Clin Exp Pediatr > Volume 59(Suppl 1); 2016
Choi, Yum, Kim, Lee, and Ko: Megalencephaly-capillary malformation-polymicrogyria syndrome: the first case report in Korea


Megalencephaly-capillary malformation-polymicrogyria syndrome (MCAP), previously known as macrocephaly-cutis marmorata telangiectatica congenita and macrocephaly-capillary malformation syndrome, is a rare multiple-malformation syndrome that is characterized by progressive megalencephaly, capillary malformations of the midline face and body, or distal limb anomalies such as syndactyly. Herein, we report a female infant case that satisfies the recently proposed criteria of MCAP and describe the distinctive neuroradiological and morphological features. We have also reviewed recently published reports and the diagnostic criteria proposed by various authors in order to facilitate the clinical diagnosis of these children in pediatric neurology clinics.
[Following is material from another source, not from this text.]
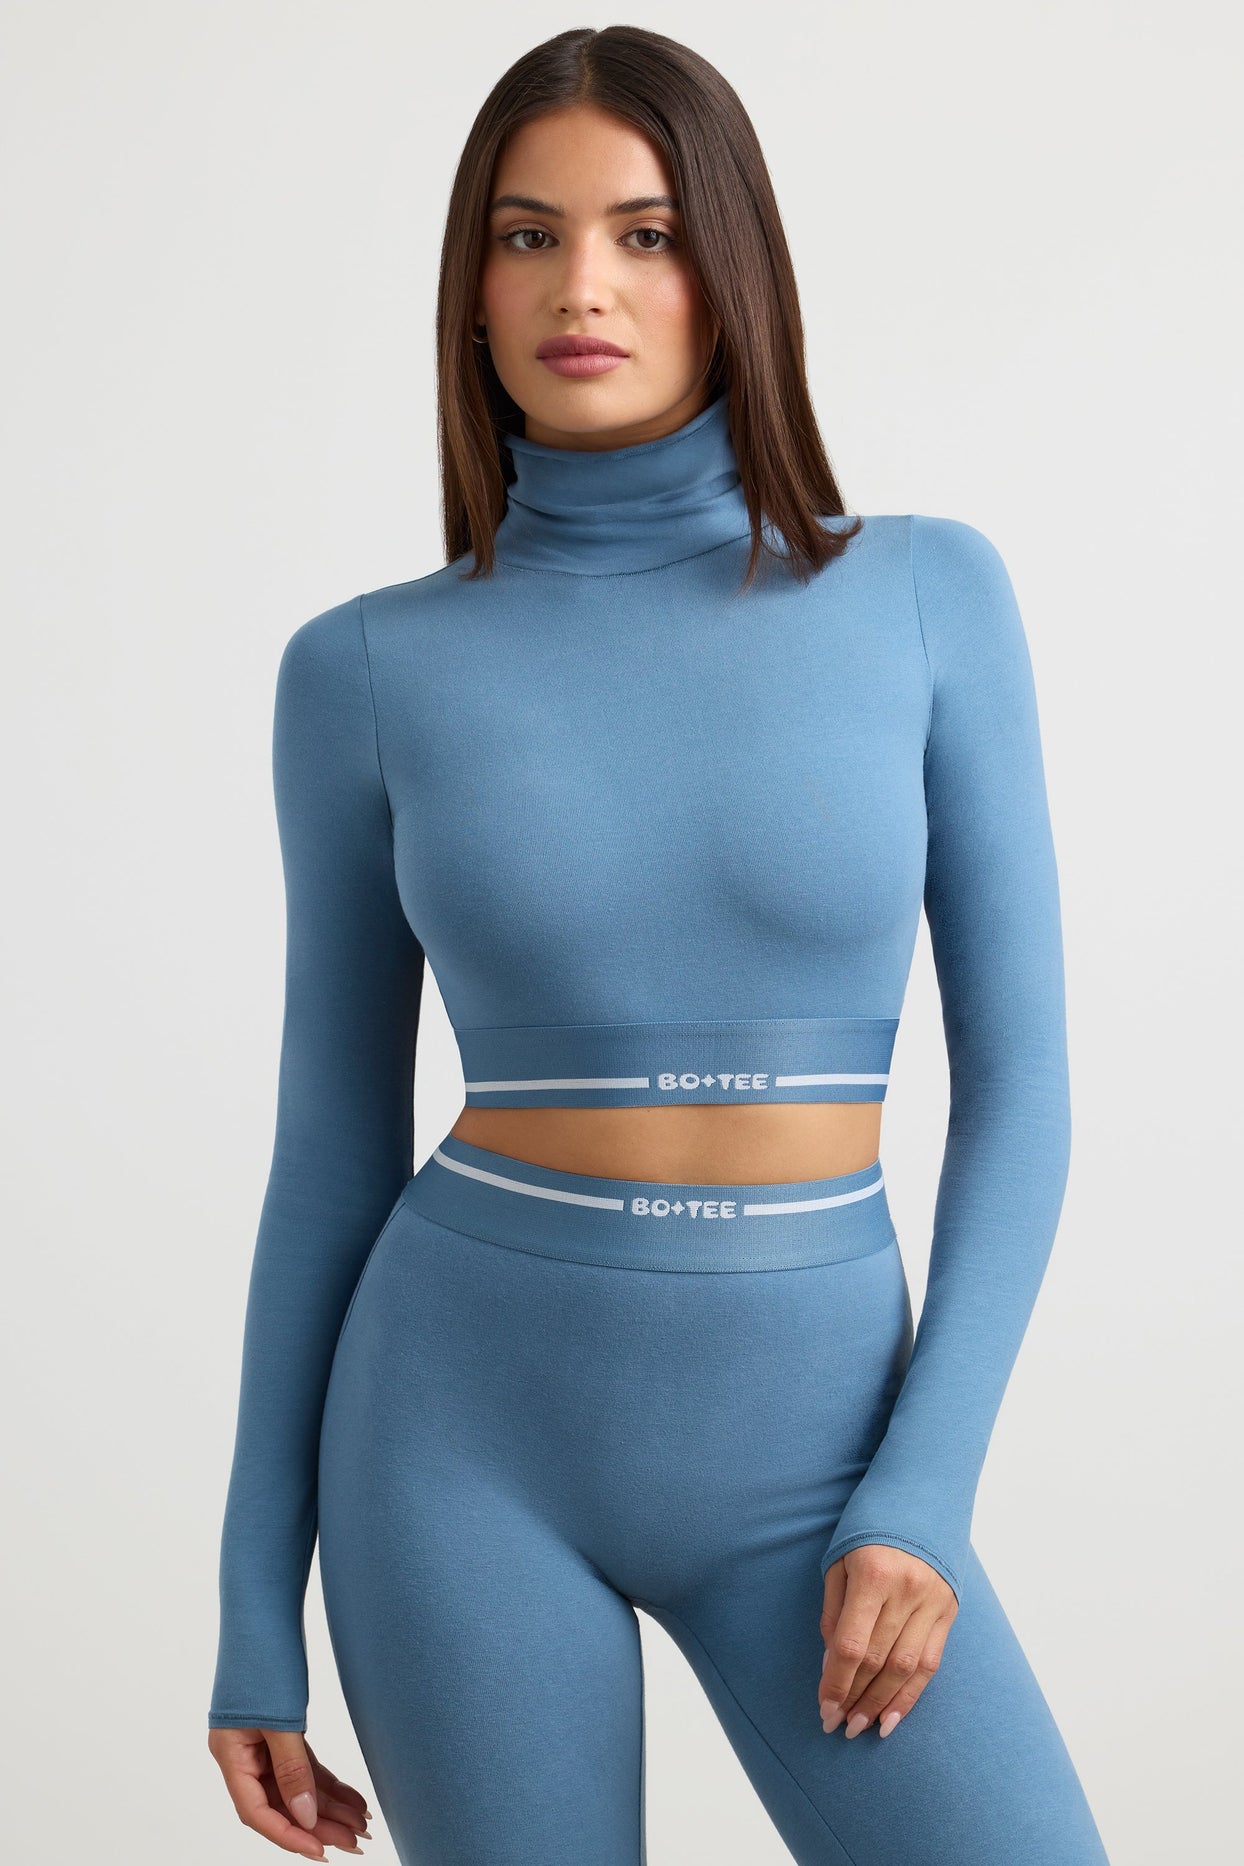 Blue Long Sleeve Top - Backless Crop Top - Women's Top

Megalencephaly-capillary malformation-polymicrogyria syndrome (MCAP) is a rare genetic disorder characterized by macrocephaly, capillary malformation, and developmental delay. In 1997, MCAP was first described as macrocephaly-cutis marmorata telangiectatica congenita (M-CMTC) by Clayton-Smith et al.1) and Moore et al.2). Then in 2007, Toriello and Mulliken3) and Conway et al.4) renamed M-CMTC as macrocephaly-capillary malformation syndrome (MCM).
Many diagnostic criteria have been proposed by several authors5,6). Recently, Mirzaa et al.7) suggested the use of the term MCAP rather than MCM to reflect the large brain size, rather than simply the head circumference and to emphasize the frequency and importance of perisylvian polymicrogyria. Recent diagnostic advances in genetic techniques began to reveal the causative genes associated with the PI3K-AKT pathway in these patients8,9,10). In our study we report the first reported Korean patient who satisfies the new criteria proposed by Mirzaa et al.7) We also reviewed the previous clinical criteria and recent genetic advances regarding this syndrome.

Case report

A 1 year and 7-month-old female had been born to a Korean couple at 39 weeks of gestational age via cesarean section and had a birth weight of 3,540 g. Her perinatal course was uneventful. She visited our outpatient clinic due to developmental delay and an abnormal gait. There was no family history of neurologic disease or developmental delay, and her older male sibling also showed normal development.
On physical examination, she was found to be macrocephalic with 51.2 cm of head circumference (97th percentile), 12 kg of body weight (80th percentile), and 80.8 cm of height (30th percentile). She had an open anterior fontanelle and right-side dominant facial asymmetry (Fig. 1A) as well as mild truncal asymmetry with right-sided hypertrophy. There was neither syndactyly nor polydactyly. Multiple telangiectasia on the skin were found on her nose and upper extremities and hypopigmented, linear skin lesions were found on all of her extremities (Fig. 1B). However, there were no focal neurologic abnormalities, and her gait was relatively stable. She had hyperextensible joints (hip abduction up to 180 degrees) and showed slightly decreased muscle tone (Fig. 1C).
She showed language developmental delay (language score, developmental quotient [DQ]=57.9) on the Korean Infant and Child Developmental Test. Her ophthalmologic examination was normal. Even though no clinical seizure was reported, electroencephalography indicated frequent, sharp wave discharges from the left or right frontal areas and a few episodes of diffuse spike and slow wave bursts (Fig. 2). Cerebral magnetic resonance imaging showed Chiari malformation with foraminal stenosis and upper cervical cord compression (Fig. 3A), polymicrogyria in the left frontoparietal lobe (Fig. 3B), and developmental venous anomaly with prominent venous structures in both cerebral convexities (Fig. 3C).
Based on the clinical and neuroradiological findings, we diagnosed MCAP (Table 1) and provided rehabilitation therapy for her developmental delay. Regarding Chiari malformation, we planned to wait and see regarding consultation with a pediatric neurosurgeon. On recent follow-up at the age of 5 years and 8 months, her head circumference measured 57 cm which is still greater than the 97th percentile. Despite active language and occupational therapy, she showed mild global developmental delay with moderate language developmental delay (language score DQ=53).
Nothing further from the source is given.